Top of Data below

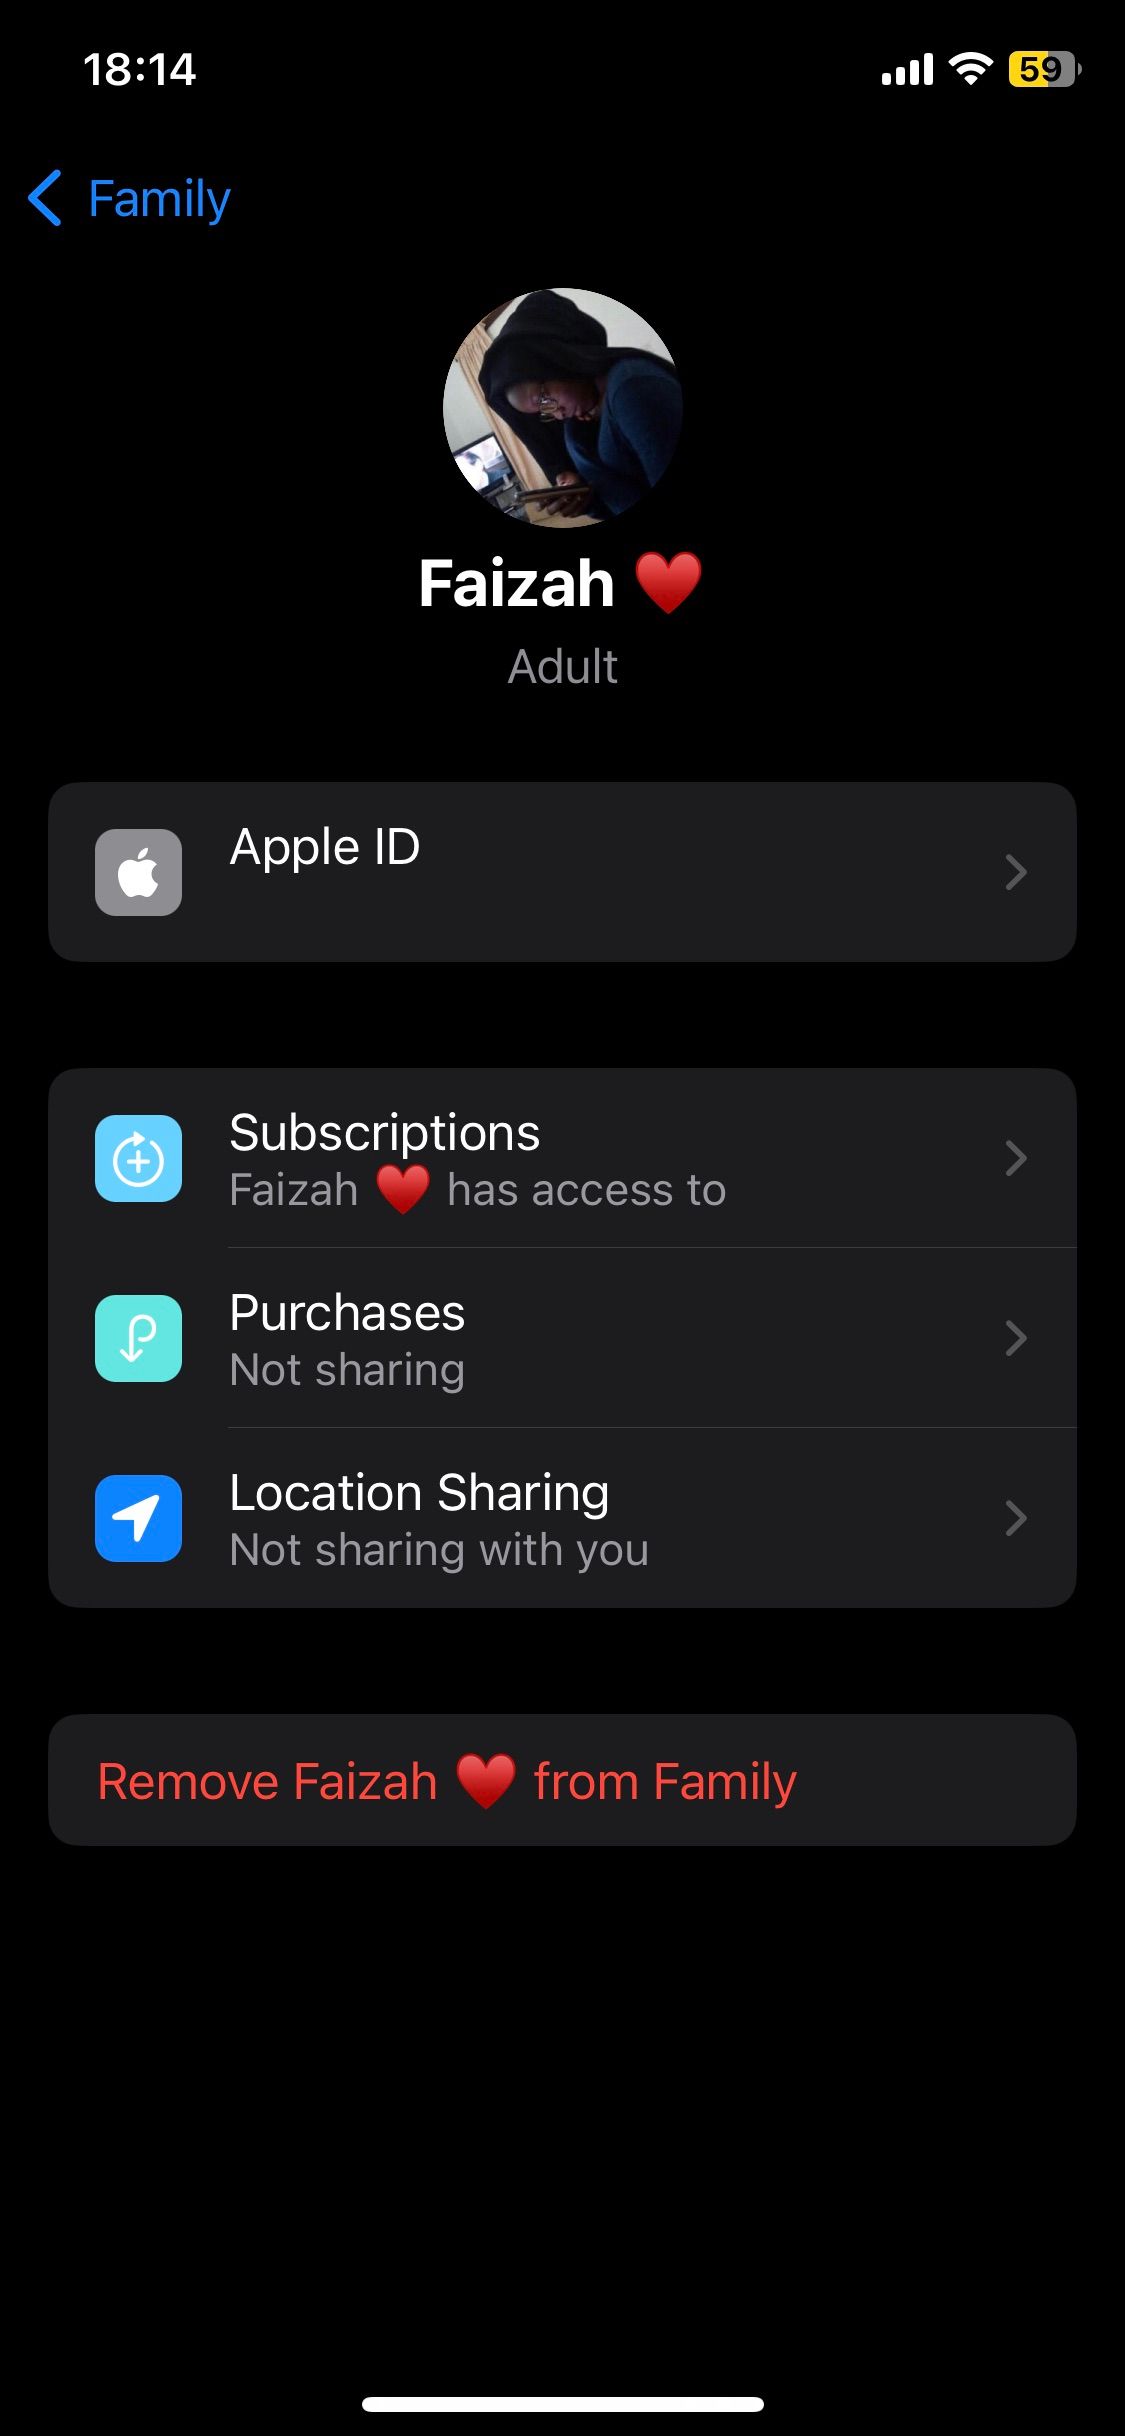 Faizah's Family menu displaying option to Remove Faizah from Family
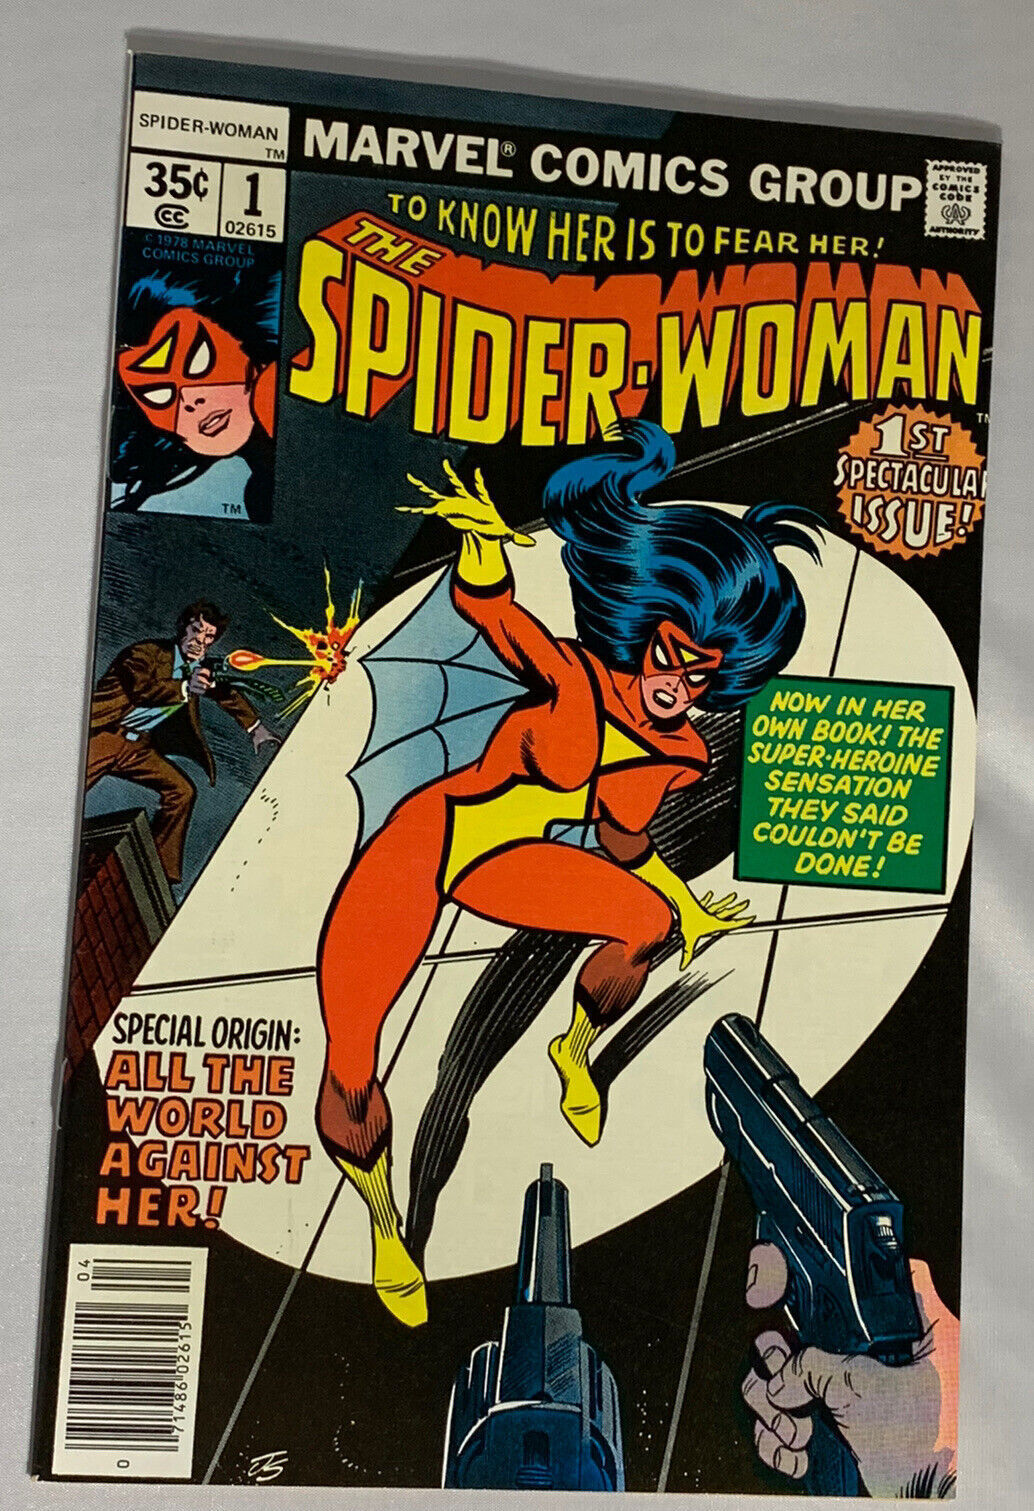 Spider-Woman #1 (1978) in 9.4 Near Mint
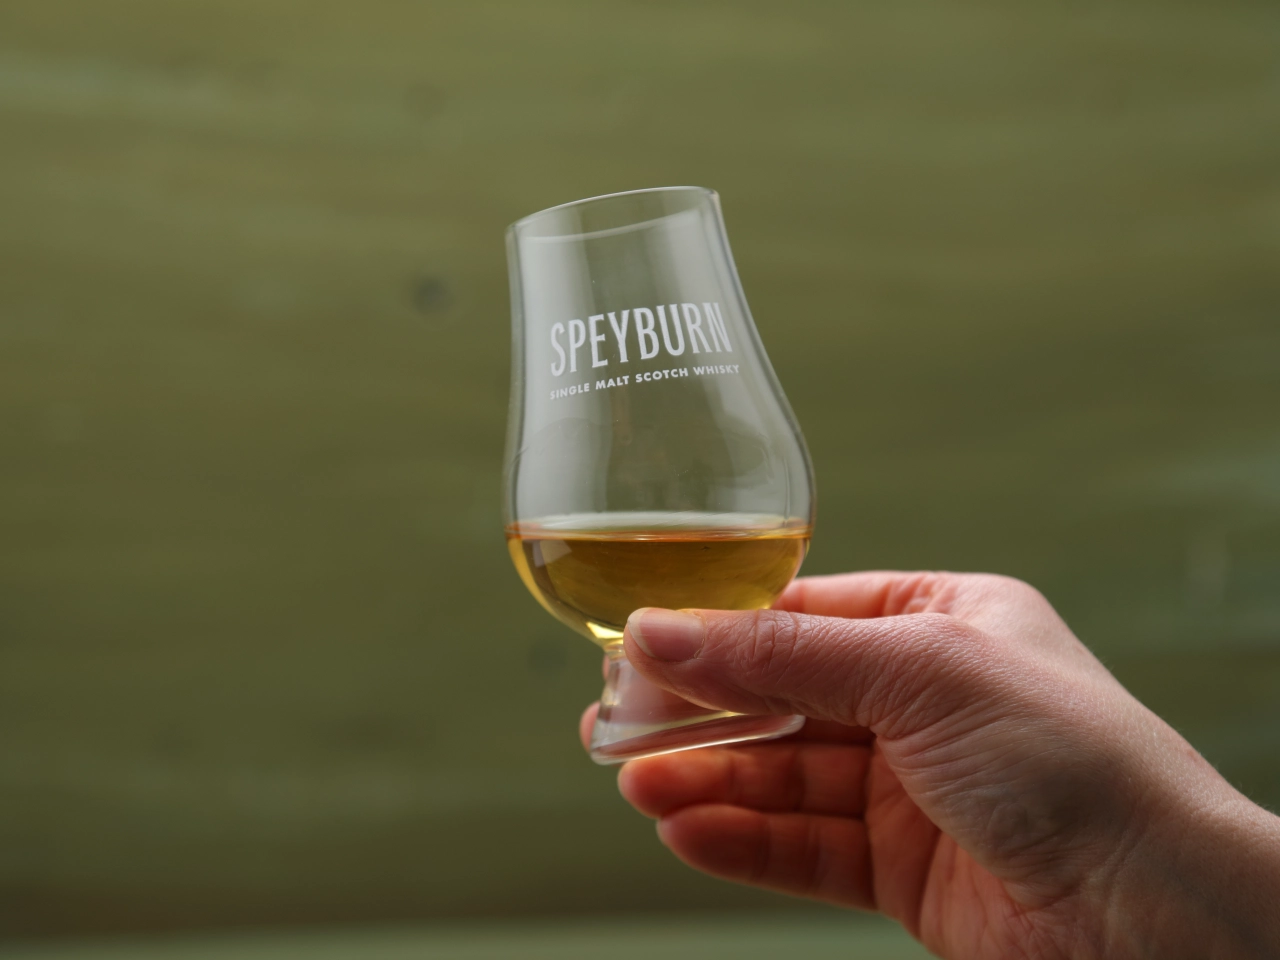 Speyburn Single malt scotch whisky in a Glencairn glass
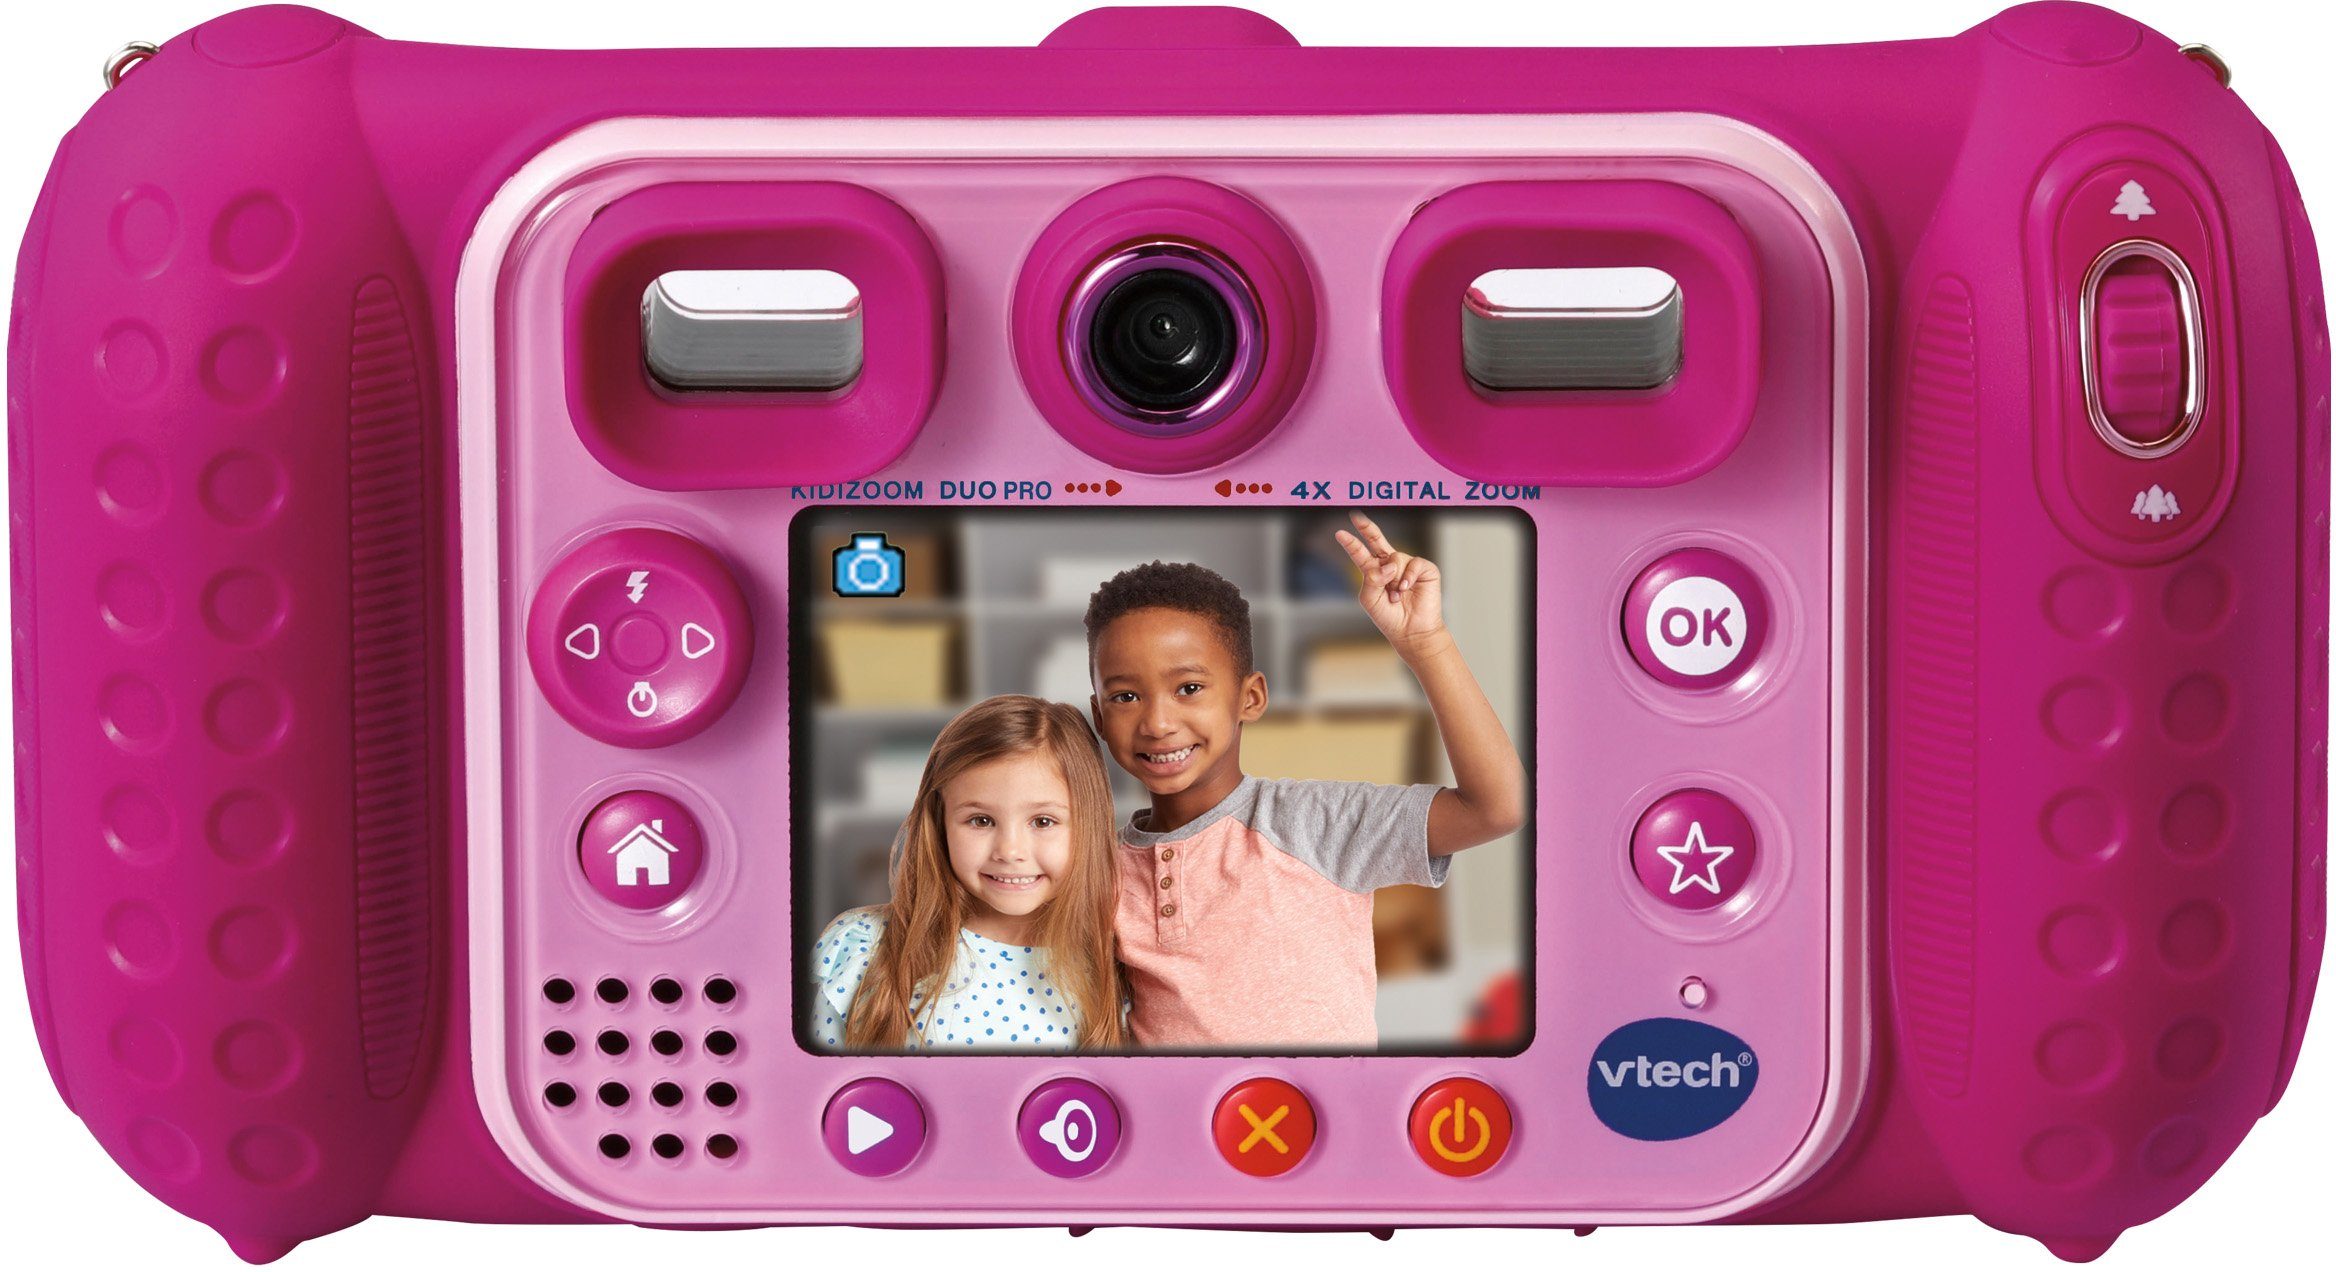 Kopfhörer) Kinderkamera Pro Vtech® (inkluisve Duo pink KidiZoom

Bottom of Data below

Omit the pictures and reproduce the remaining material above exactly.

Your solution —
 Faizah's Family menu displaying option to Remove Faizah from Family
 Spider-Woman #1 (1978) in 9.4 Near Mint
 Speyburn Single malt scotch whisky in a Glencairn glass
 Kopfhörer) Kinderkamera Pro Vtech® (inkluisve Duo pink KidiZoom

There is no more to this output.